Quick Answer

The three common insurance company delay tactics after a Texas car accident are silence or adjuster reassignment, repeated document requests, and an investigation that never reaches a decision. Fight back with a dated paper trail, an indexed evidence package, written requests identifying what remains missing, and a firm calendar for Texas’s two-year lawsuit deadline. Ryan Orsatti Law helps injured Texans determine whether a delay requires escalation or legal action.

Key Takeaways

Why Do Insurance Company Delays Matter After a Texas Car Accident?

Insurance delays matter because medical bills, lost income, and evidence problems continue while the claim sits. TxDOT reported 14,905 serious-injury crashes and 18,218 seriously injured people in Texas during 2024. Heavy claim volume may explain some slowness, but it does not excuse lost documents, repeated silence, or failure to identify what an adjuster still needs.

Some claim delays have legitimate causes. The injured person may still be receiving treatment, the doctors may not know whether surgery will be necessary, or several drivers may dispute fault. Coverage questions can also arise when the vehicle was borrowed, the driver was working, or a policy exclusion may apply.

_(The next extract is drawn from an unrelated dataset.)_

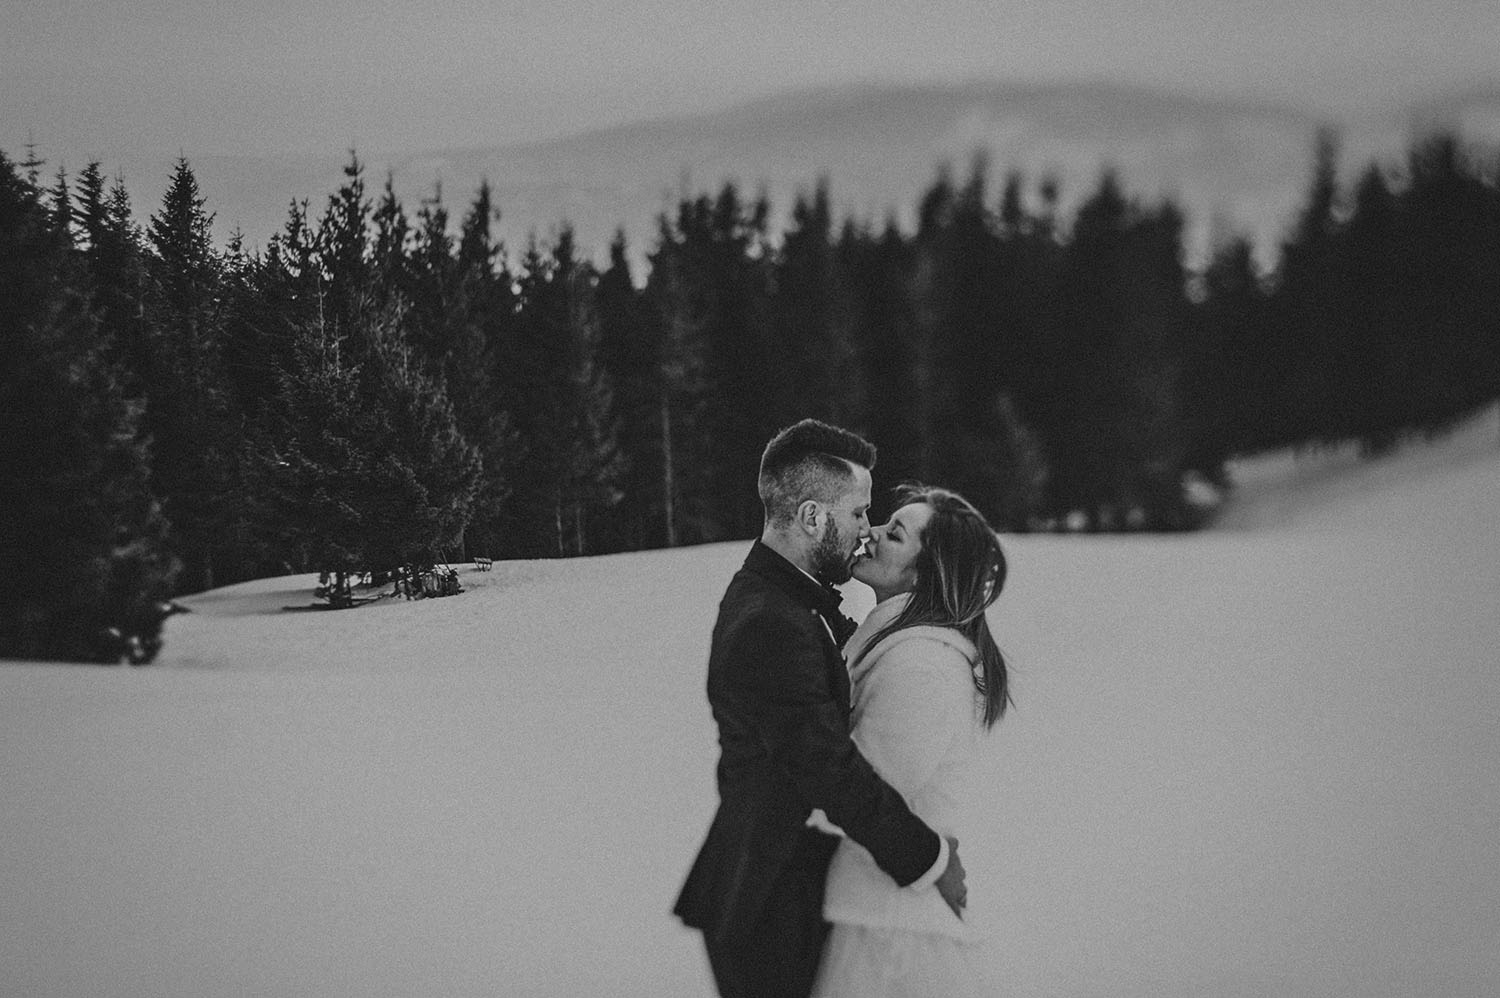 Skrzyczne ,plener ślubny w górach,wesele w górach ,fotografia ślubna Śląsk, Szczyrk zdjęcia ślubne , Tomasz Konopka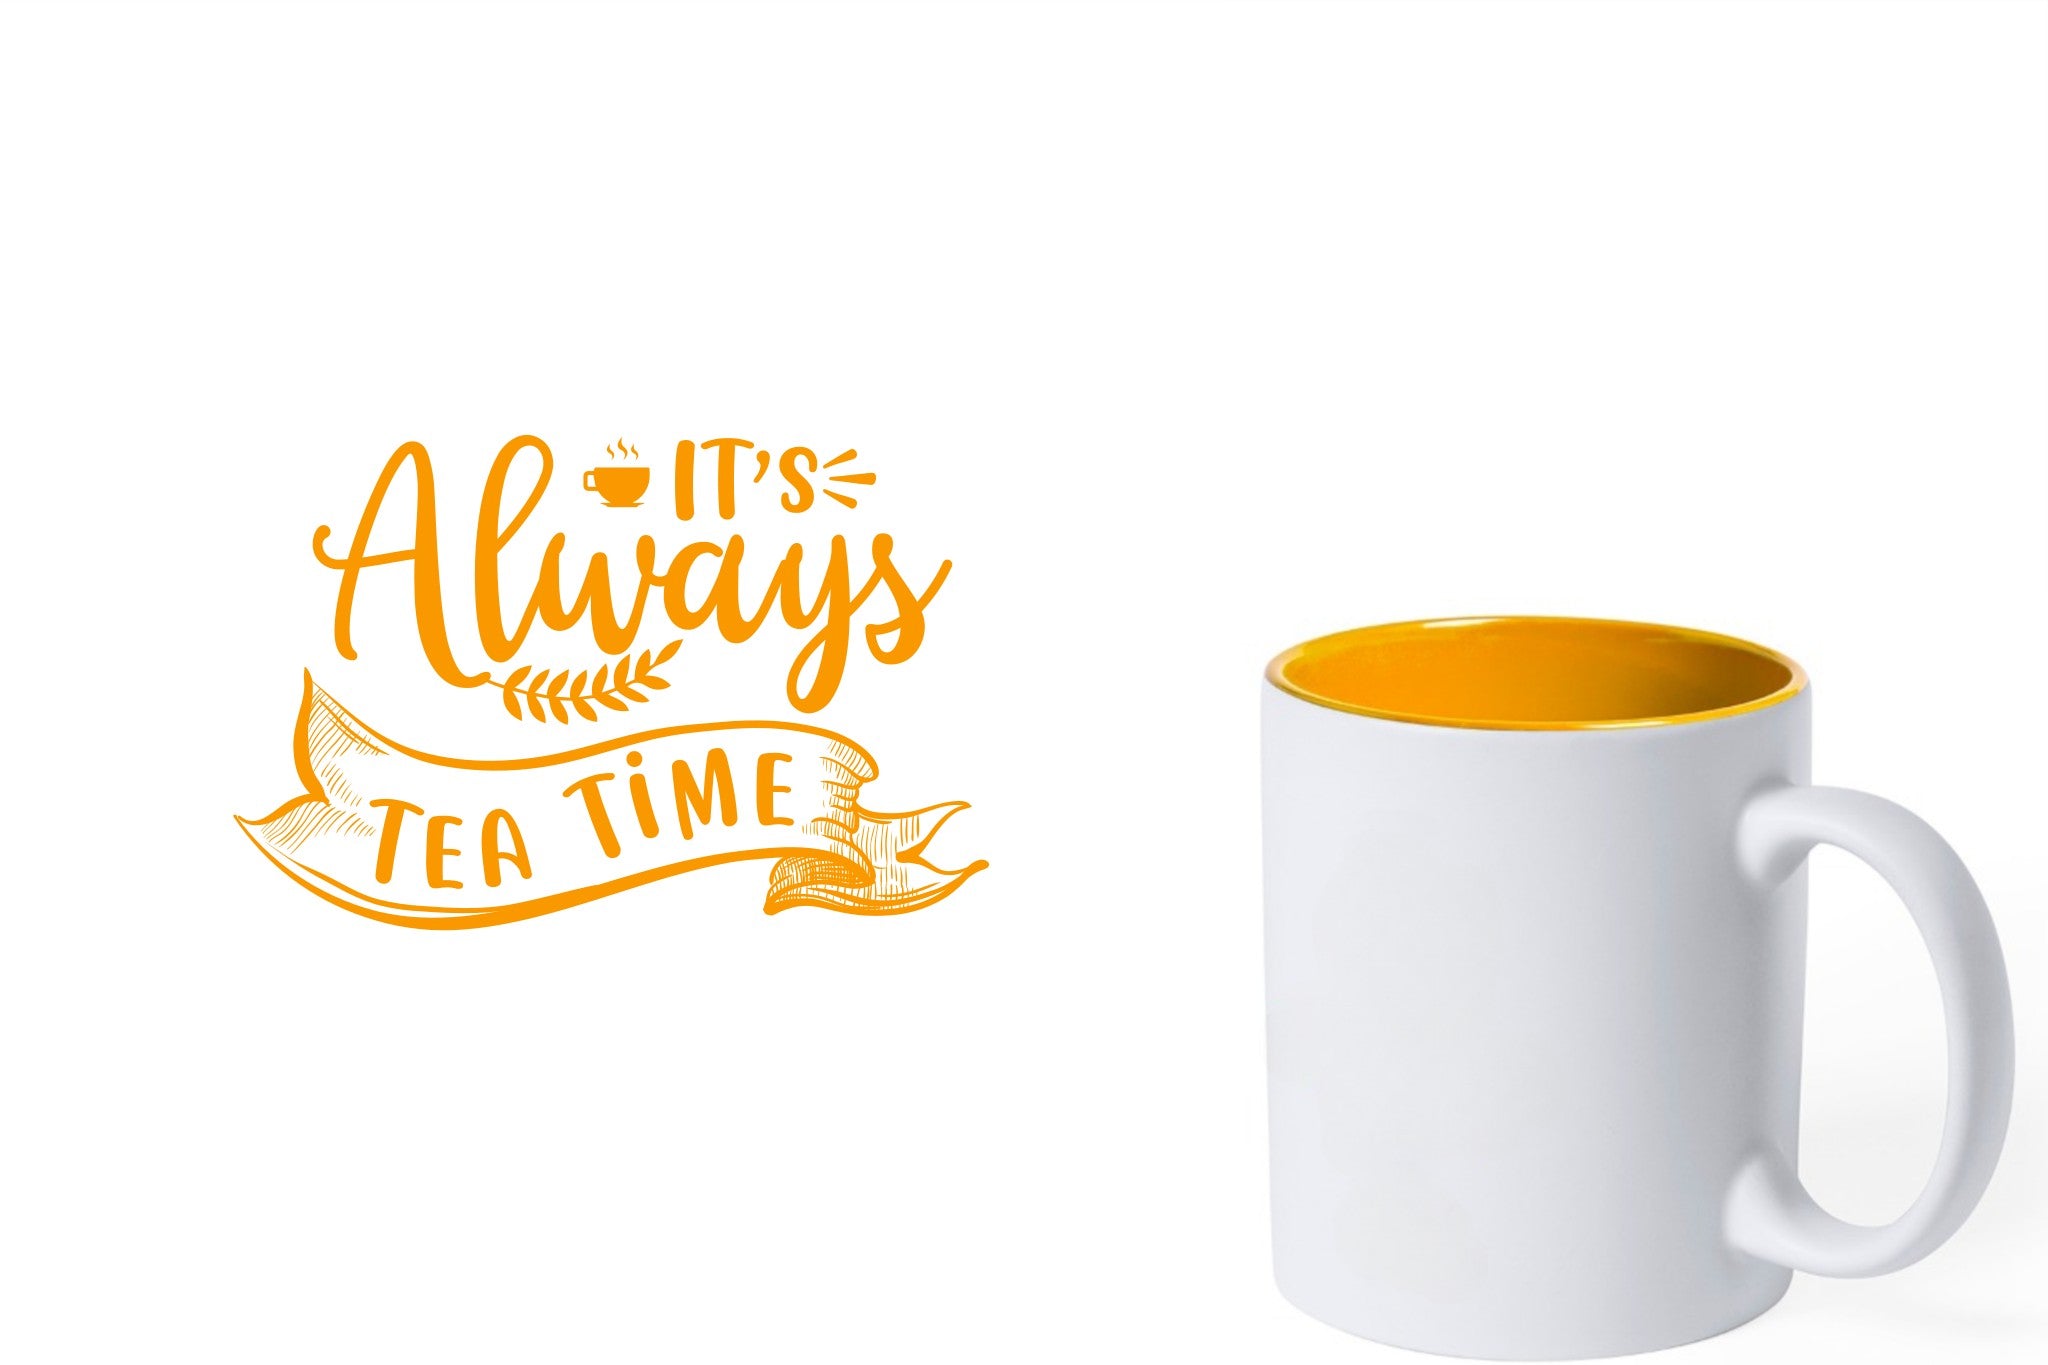 witte keramische mok met gele gravure  'It's always tea time'.

A claim should not be rushed merely for the sake of speed. Signing a release before your condition and future treatment are reasonably understood can permanently end the claim. For a realistic discussion of normal processing, treatment, negotiation, and litigation periods, review how long a Texas car accident case may take.

What Are the Three Common Insurance Company Delay Tactics?

The three common delay patterns are communication breakdowns, repetitive document requests, and open-ended investigations into liability or coverage. A single occurrence may be an administrative mistake. The concern grows when the same problem happens repeatedly, the insurer gives inconsistent explanations, or no one will identify the specific issue preventing a decision.

Delay patternWhat you may hearWarning signPractical response
Silence or adjuster reassignment“Your new adjuster needs time to review the file.”Repeated transfers with no written status updateMaintain a communication log and escalate to a supervisor
Repeated document requests“We are still missing records.”The insurer requests documents you already deliveredSend an indexed package with proof of delivery
Endless investigation“We are waiting on our insured” or “liability remains under review”No specific unresolved fact or coverage issue is identifiedSubmit independent evidence and request a written position

Key takeaway: A documented pattern matters more than one slow callback, so record exactly what was requested, delivered, promised, and left unresolved.

How Does the Silent Treatment or Adjuster Shuffle Delay a Claim?

Silence and adjuster changes can repeatedly return a claim to the beginning of the review process. The new adjuster may ask for time to learn the file, request documents again, or disclaim knowledge of prior discussions. You can reduce that disruption by creating one written chronology that follows the claim regardless of who handles it.

Your communication log should contain:

After a significant telephone conversation, send a short email confirming what was discussed. If the adjuster does not respond after reasonable follow-up, ask for the claims supervisor’s contact information.

Do not fill a period of silence by giving an unprepared recorded statement. You generally do not have a contractual duty to provide a recorded statement to the other driver’s insurer. Your own policy may require cooperation, so the analysis is different when your insurer requests one. Read more about recorded statements after Texas accidents.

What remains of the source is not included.